I want to extract the URL from within the anchor tags of an html file. This needs to be done in BASH using SED/AWK. No perl please.
What is the easiest way to do this?
Thanks a lot.
I want to extract the URL from within the anchor tags of an html file. This needs to be done in BASH using SED/AWK. No perl please.
What is the easiest way to do this?
Thanks a lot.
An example, since you didn't provide any sample
awk 'BEGIN{
RS="</a>"
IGNORECASE=1
}
{
for(o=1;o<=NF;o++){
if ( $o ~ /href/){
gsub(/.*href=\042/,"",$o)
gsub(/\042.*/,"",$o)
print $(o)
}
}
}' index.html
You can do it quite easily with the following regex, which is quite good at finding URLs:
\b(([\w-]+://?|www[.])[^\s()<>]+(?:\([\w\d]+\)|([^[:punct:]\s]|/)))
I took it from John Gruber's article on how to find URLs in text.
That lets you find all URLs in a file f.html as follows:
cat f.html | grep -o \
-E '\b(([\w-]+://?|www[.])[^\s()<>]+(?:\([\w\d]+\)|([^[:punct:]\s]|/)))'
I am assuming you want to extract a URL from some HTML text, and not parse HTML (as one of the comments suggests). Believe it or not, someone has already done this.
OT: The sed website has a lot of good information and many interesting/crazy sed scripts.
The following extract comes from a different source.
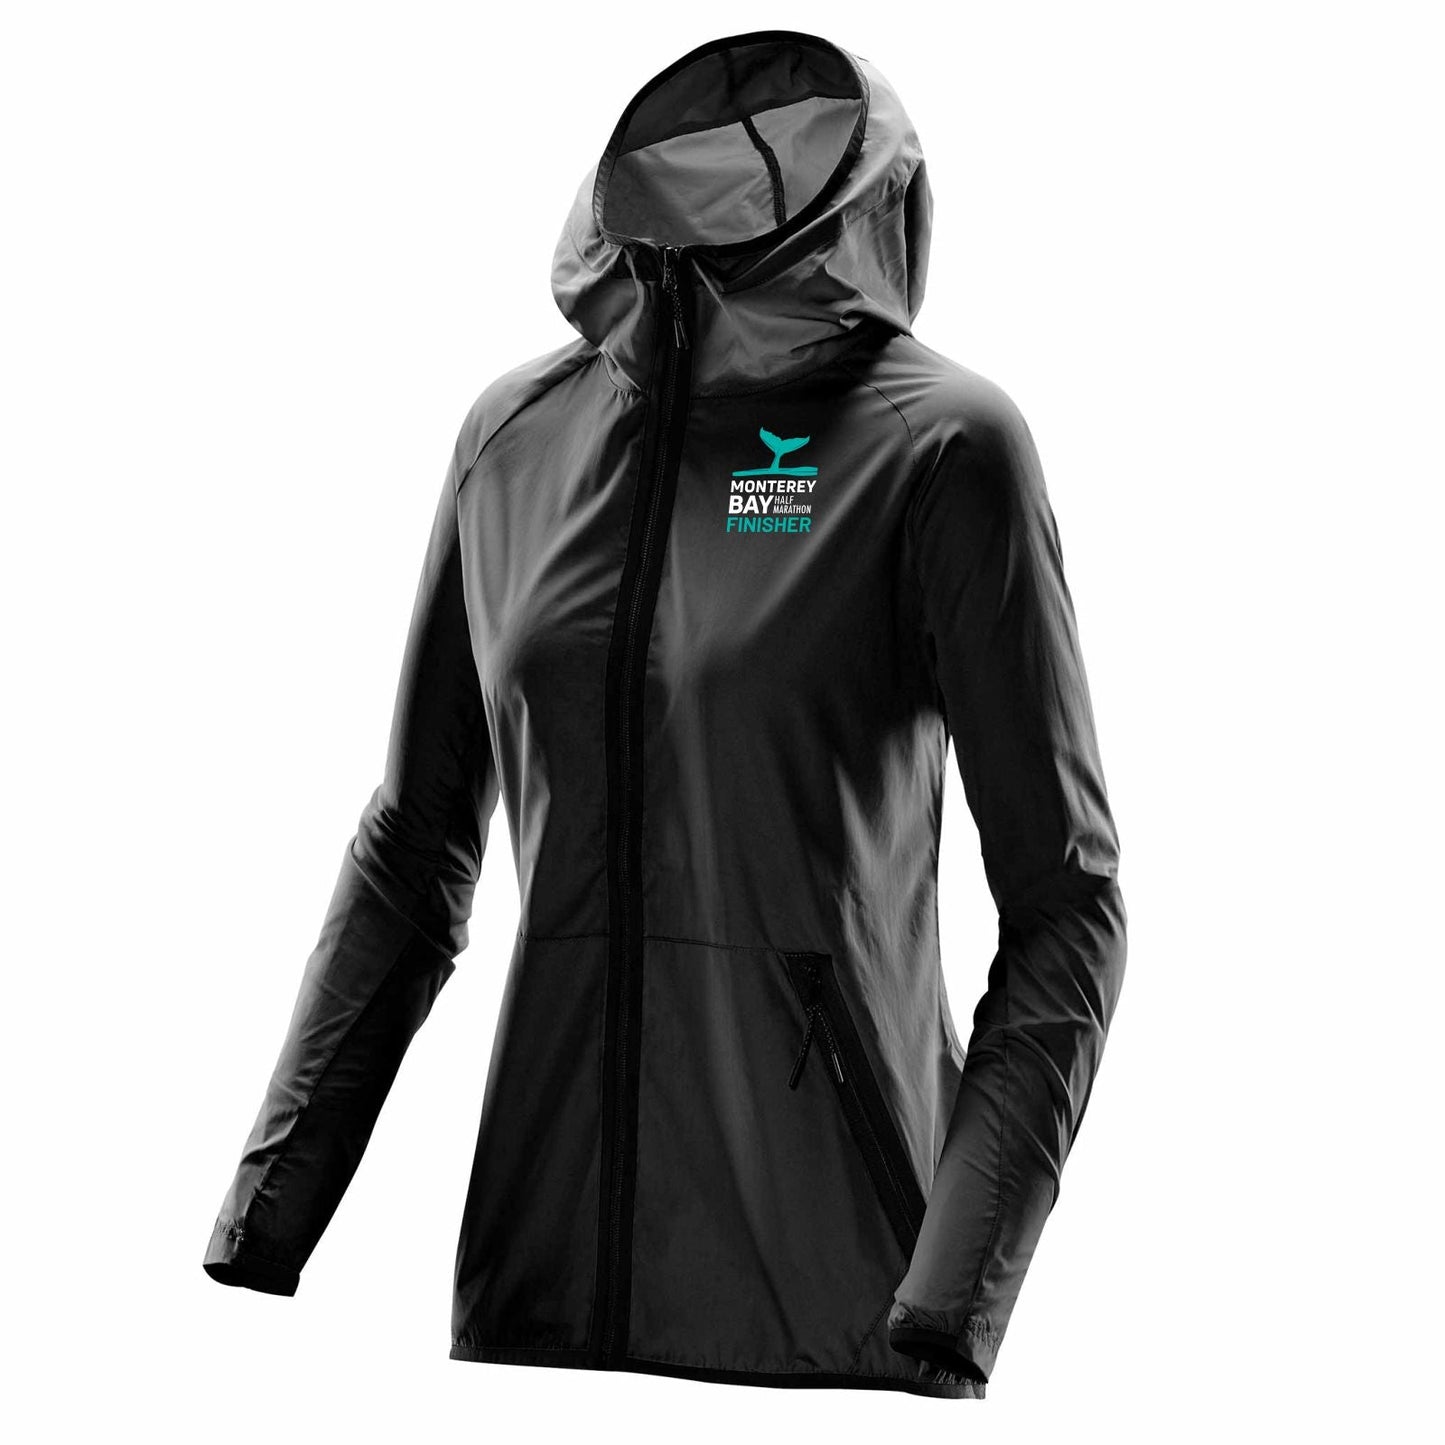 MBH Women's DWR Zip Hooded Shell -Black- 2022 Finisher Embroidery
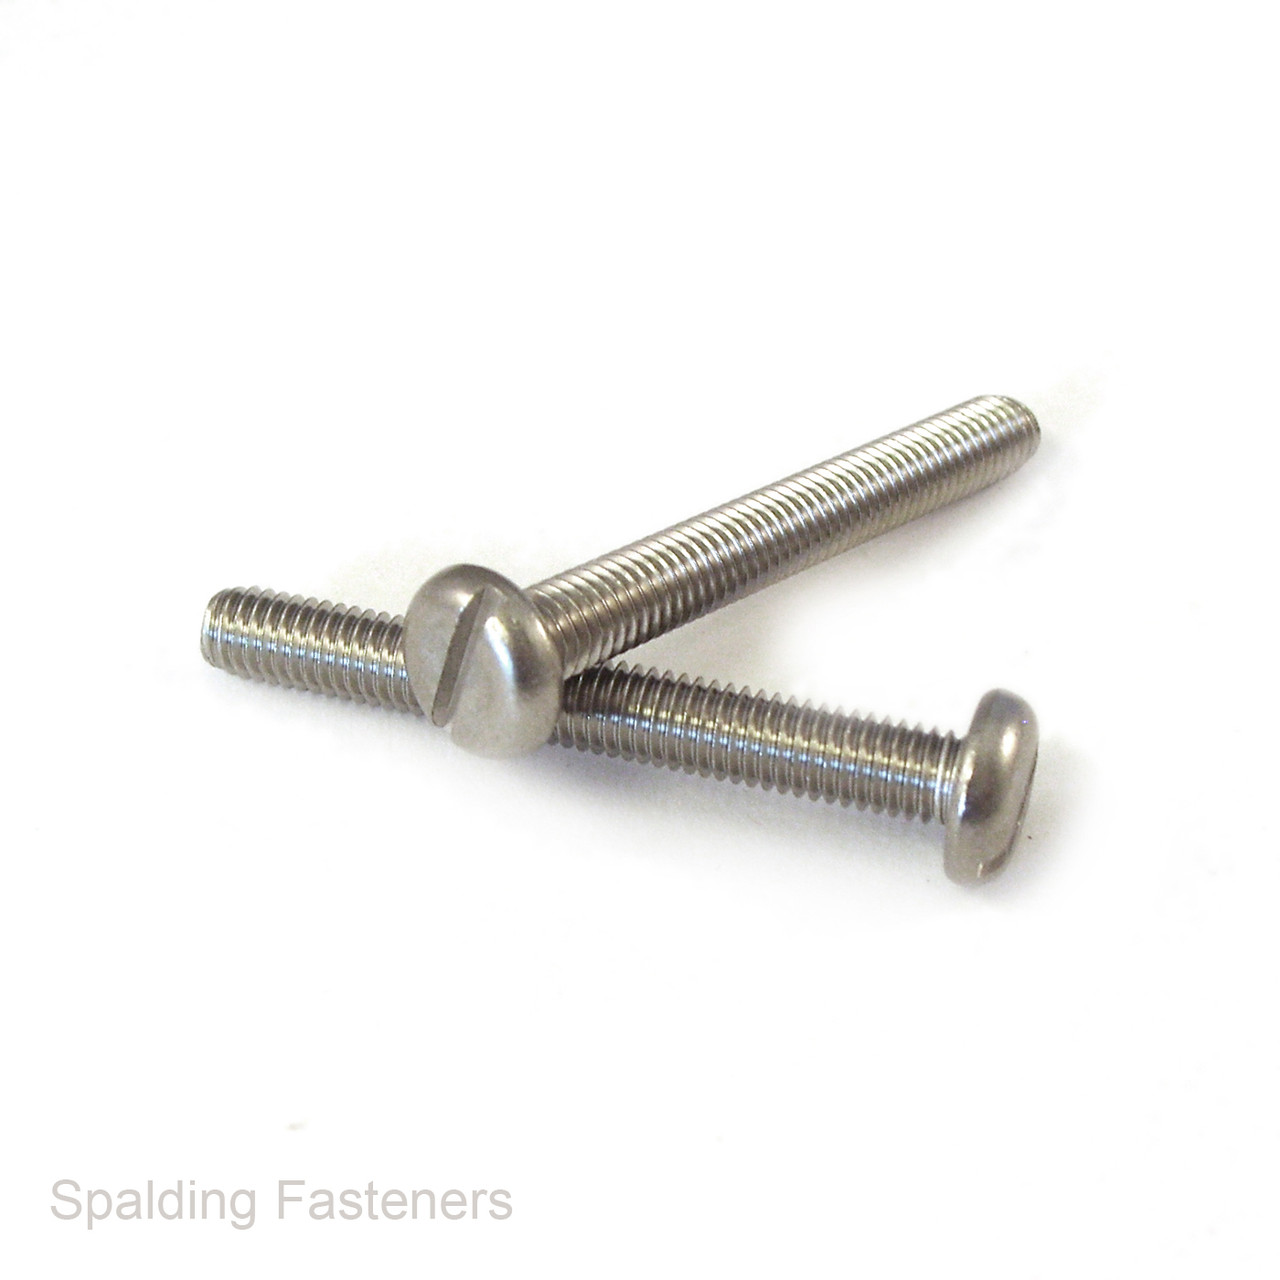 6 - 32 UNC A2 Stainless Steel Pan Slotted Head Machine Screws

You can even play Sokoban in sed!
You asked for it:
$ wget -O - http://stackoverflow.com | \
grep -o '<a href=['"'"'"][^"'"'"']*['"'"'"]' | \
sed -e 's/^<a href=["'"'"']//' -e 's/["'"'"']$//'
This is a crude tool, so all the usual warnings about attempting to parse HTML with regular expressions apply.
You could also do something like this (provided you have lynx installed):
lynx -dump -listonly my.html